Studies of feedback and progress monitoring in our material mainly give teachers
more knowledge about student progression to allow teachers to adjust material
and instruction appropriately. It should be emphasized that there are only five
studies using this component, and in all cases this component is combined with
another component.
[With further explanation of recent studies past the cut-off date that
show improved data analysis tools in the hands of admin. and teachers can
assist with this].
...
Incentive programs, after-school programs,
summer programs, coaching and mentoring of students, psychological/
behavioral interventions, personnel development, and computer-assisted instruction
programs were all positive but not significant.
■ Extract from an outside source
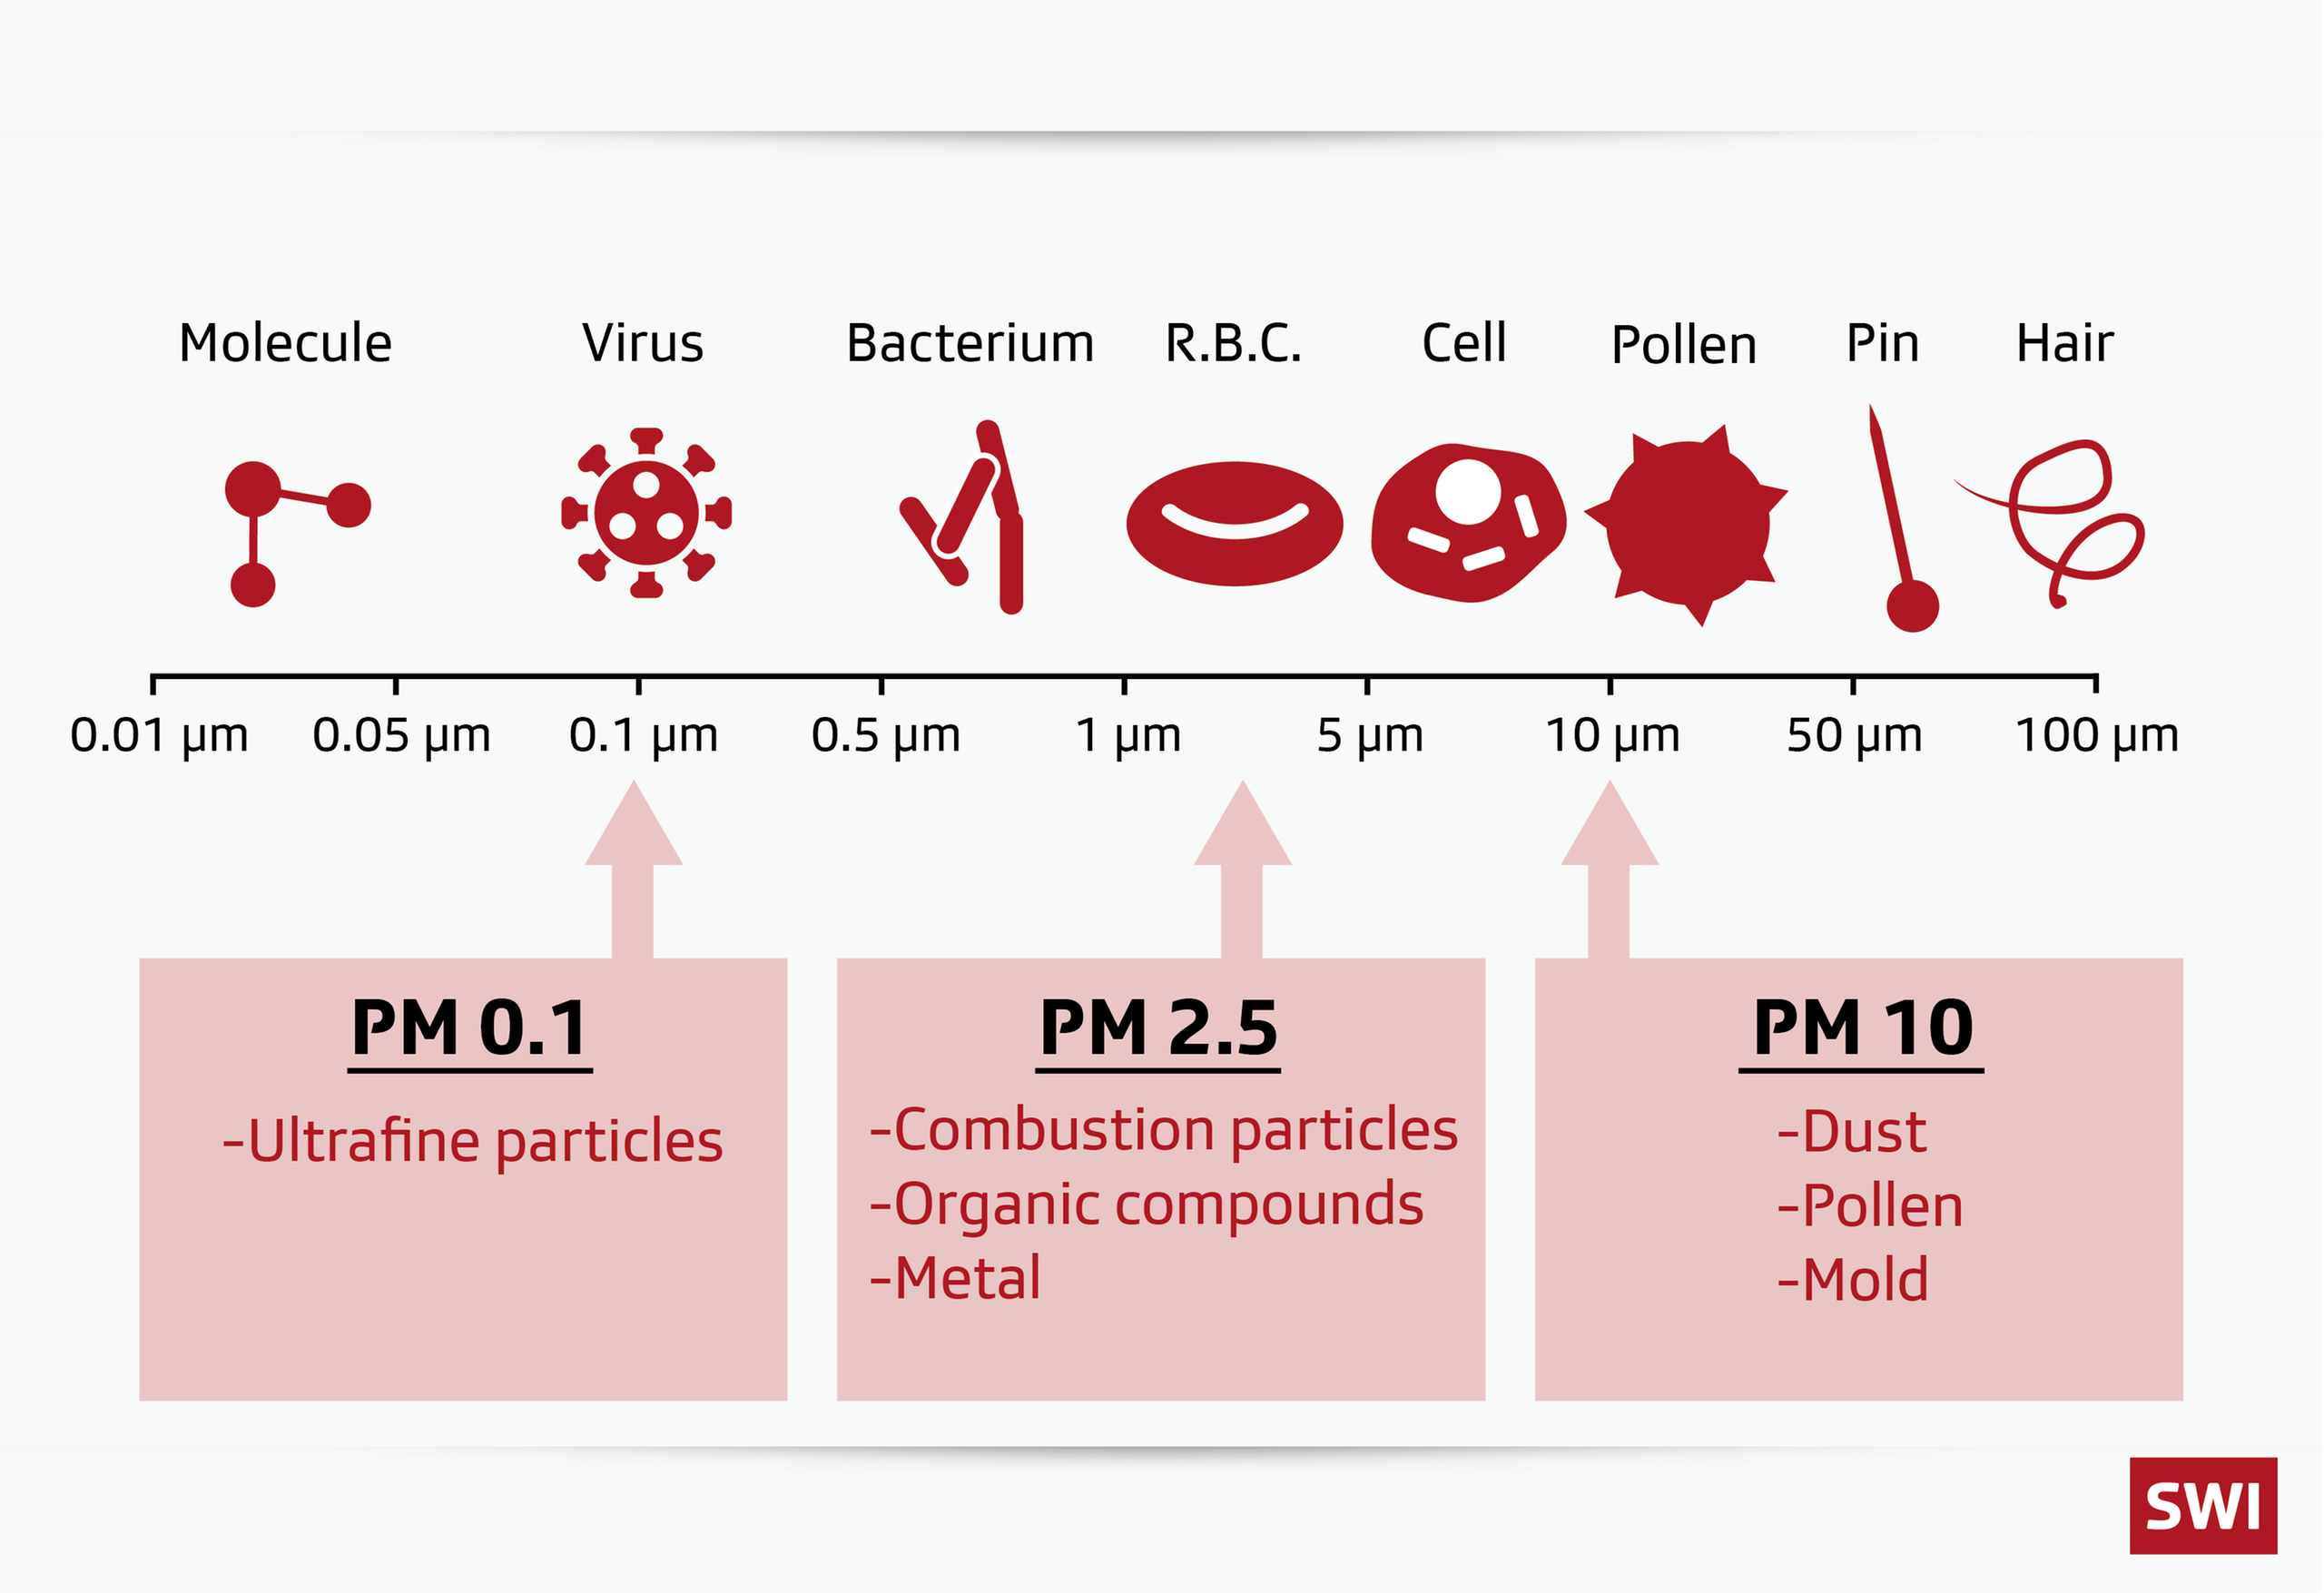 該圖顯示出空氣中不同粒徑的氣膠顆粒物與花粉、針尖、髮絲直徑的鮮明對比。 PM是英文Particulate Matter顆粒物的簡寫；PM後邊的數值則代表著顆粒物直徑大小，一般用微米表示，數值越大表示顆粒物越大。

However, there are examples of
effective interventions in many of these categories, and most of these components
have been examined by only a few studies. Therefore, we want to emphasize that
our results do not imply that incentive programs cannot be effective, or that there
are no incentive programs with positive effects (there are such examples)

...
[From the 'implications' sub-section] Our results indicate that it is possible for schools and local stakeholders
to substantially improve the educational achievement of low SES students. As such,
they provide motivation for action. We hope that the review may provide inspiration
for educational decision makers at all levels who are looking for ways to
improve the educational achievement of low SES students. When it comes to the
specific interventions a school or a teacher should choose, our results provide
less guidance. Even in our large sample of studies, it was not possible to fully
explain why some interventions worked better than others. We also believe that
the impact of an intervention depends on the local context

So... yeah, this is massively different than the ultimate conclusion of deBoer, "Yet how often do you hear about tutoring from ed reformers? How often does it pop up at The Atlantic or The New Republic? Compare that to computer-mediated instruction, which is a topic of absolute obsession in our ed debate, the digital Godot we’re all waiting for to swoop in and save our students. No matter how often we get the same result, technology retains its undeserved reputation as the key to fixing our system."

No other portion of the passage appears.